Source data: Begin

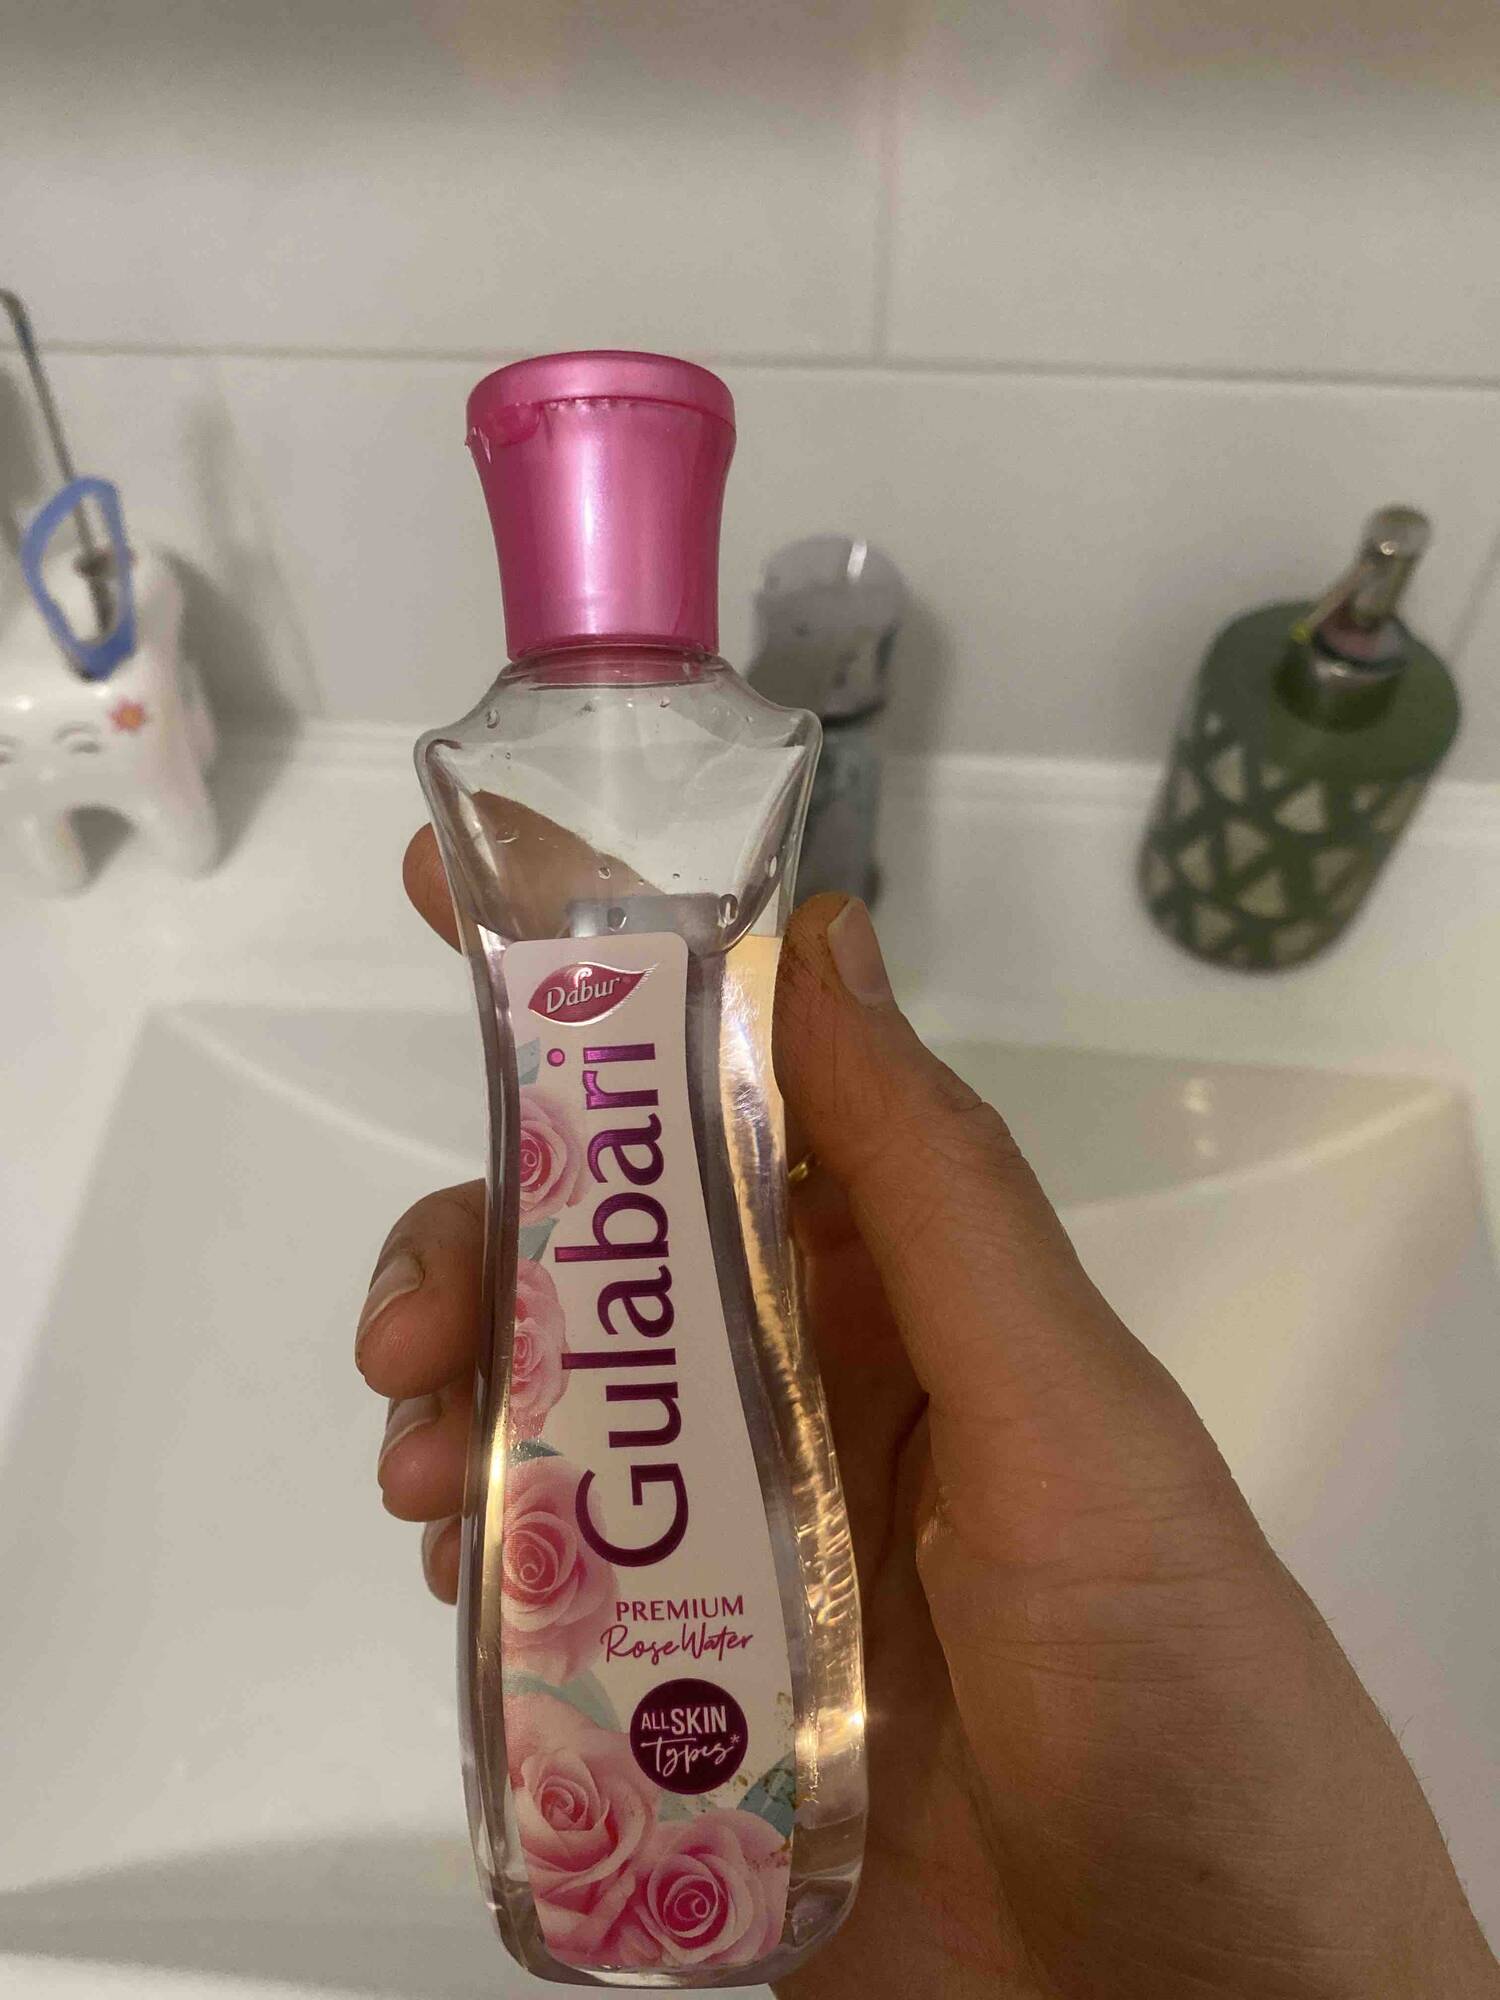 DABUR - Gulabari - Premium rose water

Source data: End
Source data: Begin

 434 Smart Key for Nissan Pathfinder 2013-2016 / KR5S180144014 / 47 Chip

Source data: End
Source data: Begin

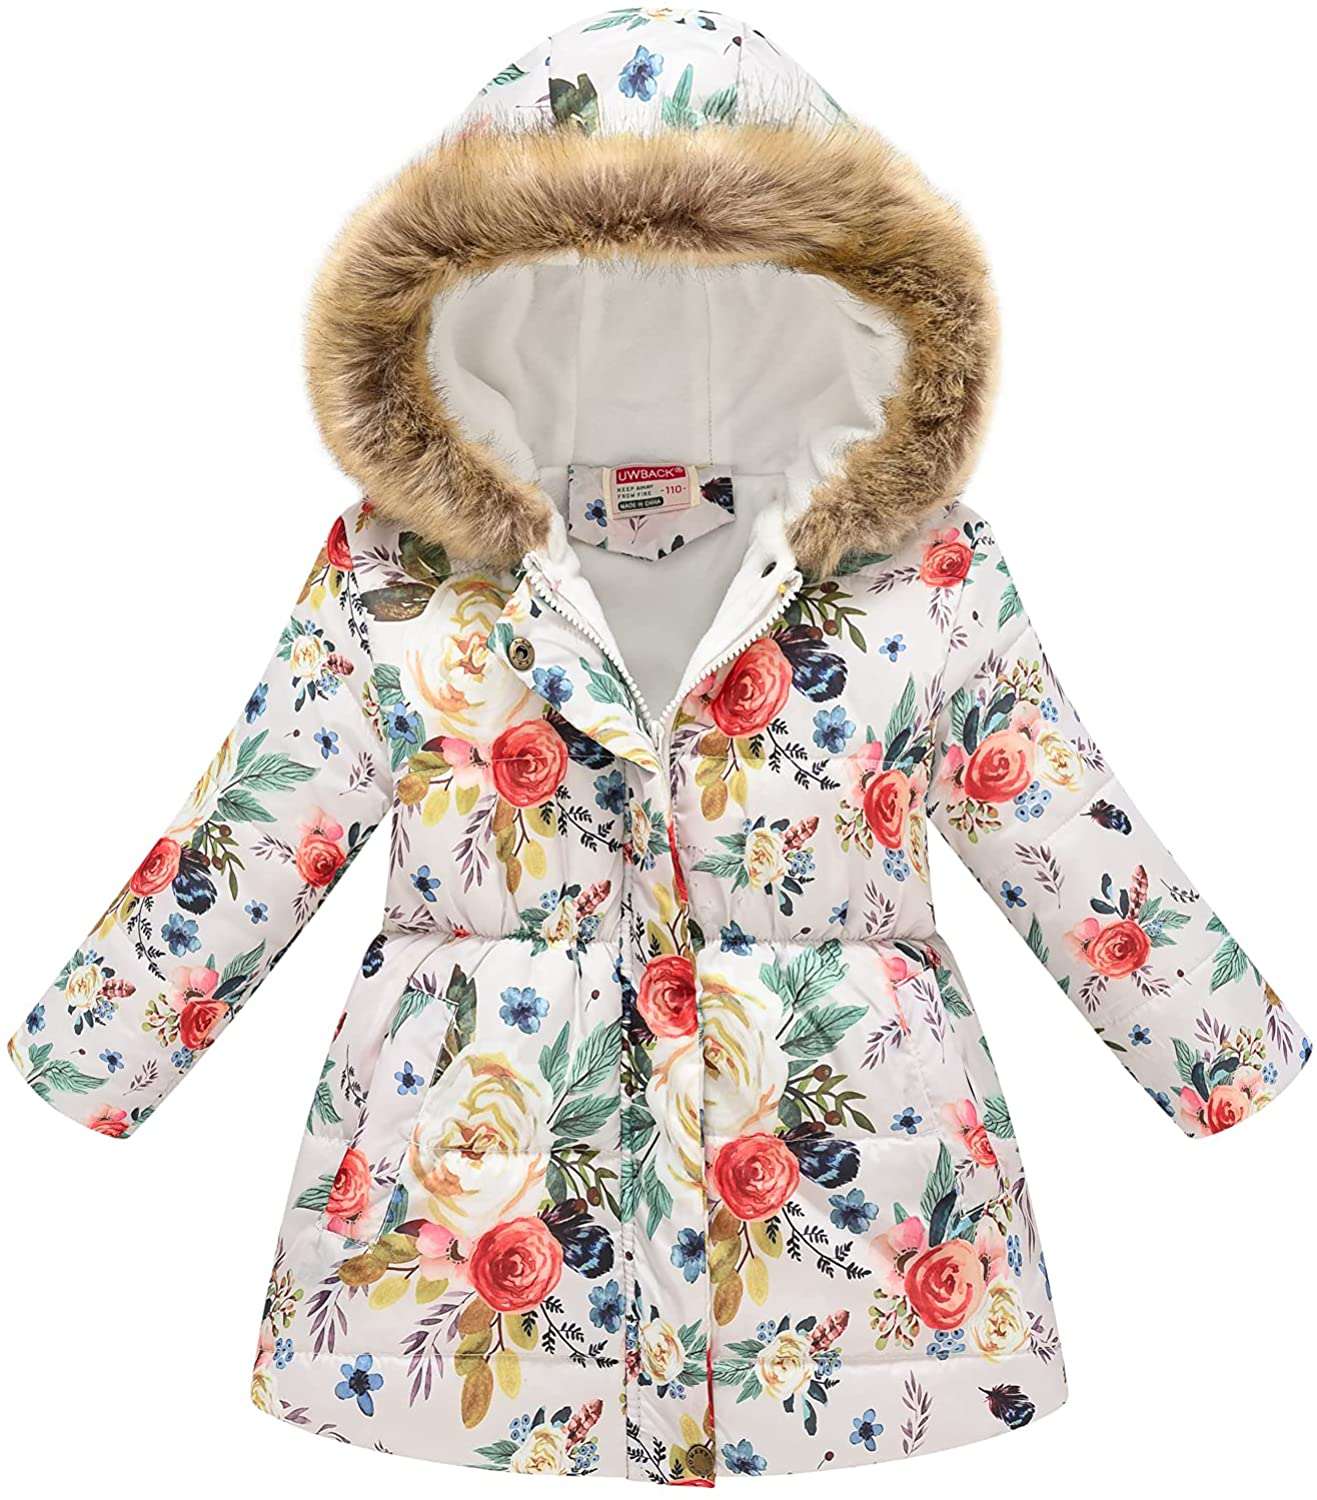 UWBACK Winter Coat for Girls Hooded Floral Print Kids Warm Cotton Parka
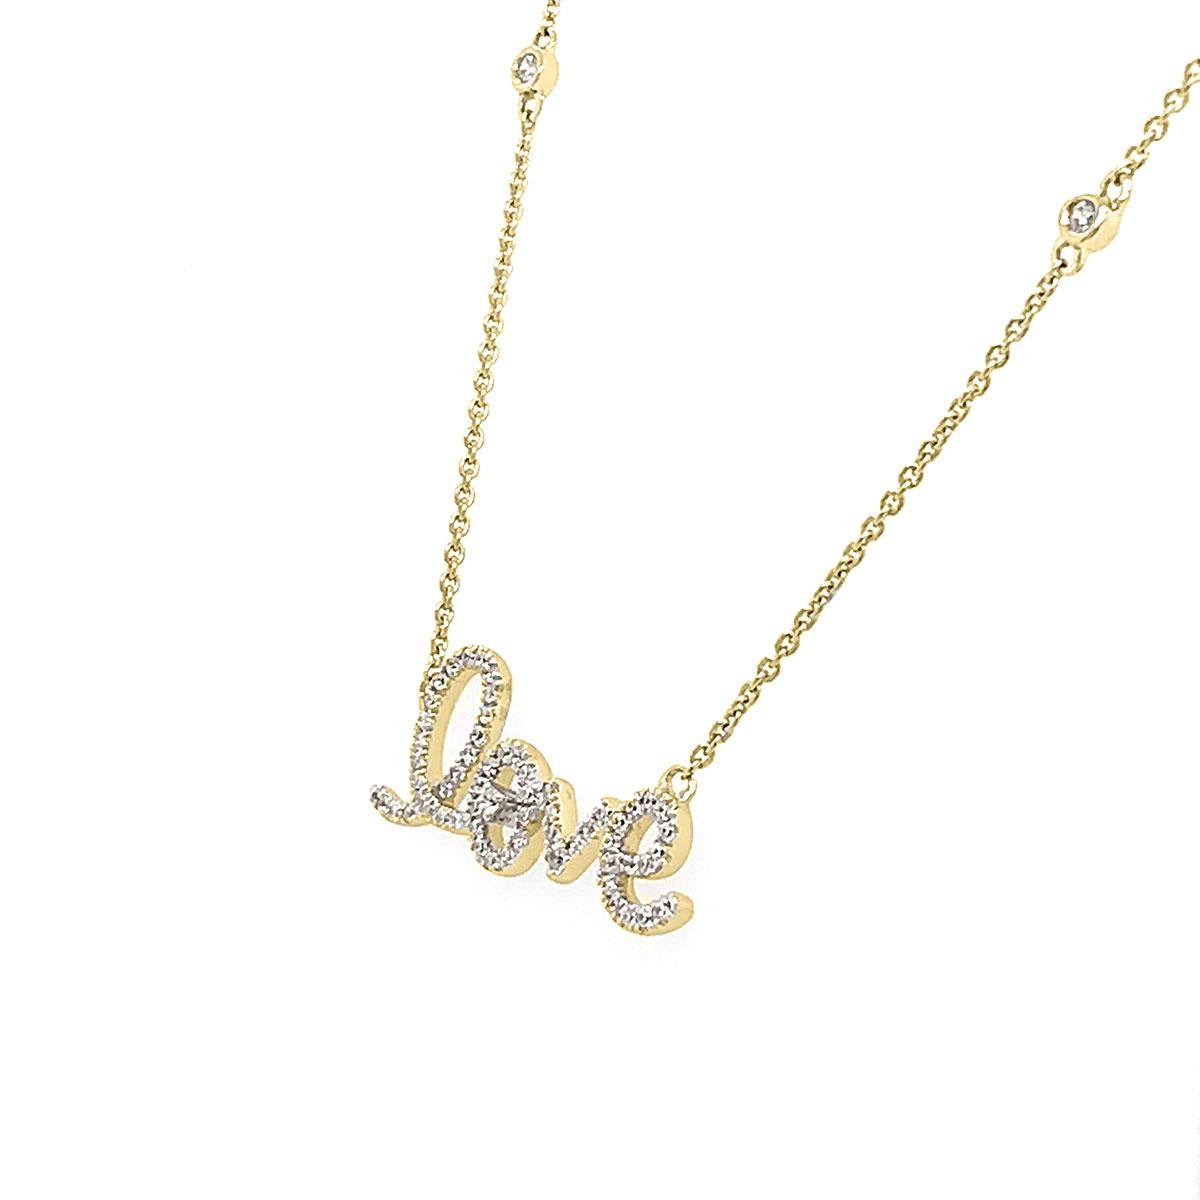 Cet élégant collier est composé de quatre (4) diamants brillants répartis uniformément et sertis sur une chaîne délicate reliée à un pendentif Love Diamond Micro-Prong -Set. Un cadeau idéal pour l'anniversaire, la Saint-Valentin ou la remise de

Source data: End

§ Exercise:
Here the job is to copy the stretch of records from the line containing "UWBACK Winter Coat" through the line containing "Cet élégant collier", word for word. Leave every picture out.

§ Output of the exercise:
 UWBACK Winter Coat for Girls Hooded Floral Print Kids Warm Cotton Parka
 Cet élégant collier est composé de quatre (4) diamants brillants répartis uniformément et sertis sur une chaîne délicate reliée à un pendentif Love Diamond Micro-Prong -Set. Un cadeau idéal pour l'anniversaire, la Saint-Valentin ou la remise de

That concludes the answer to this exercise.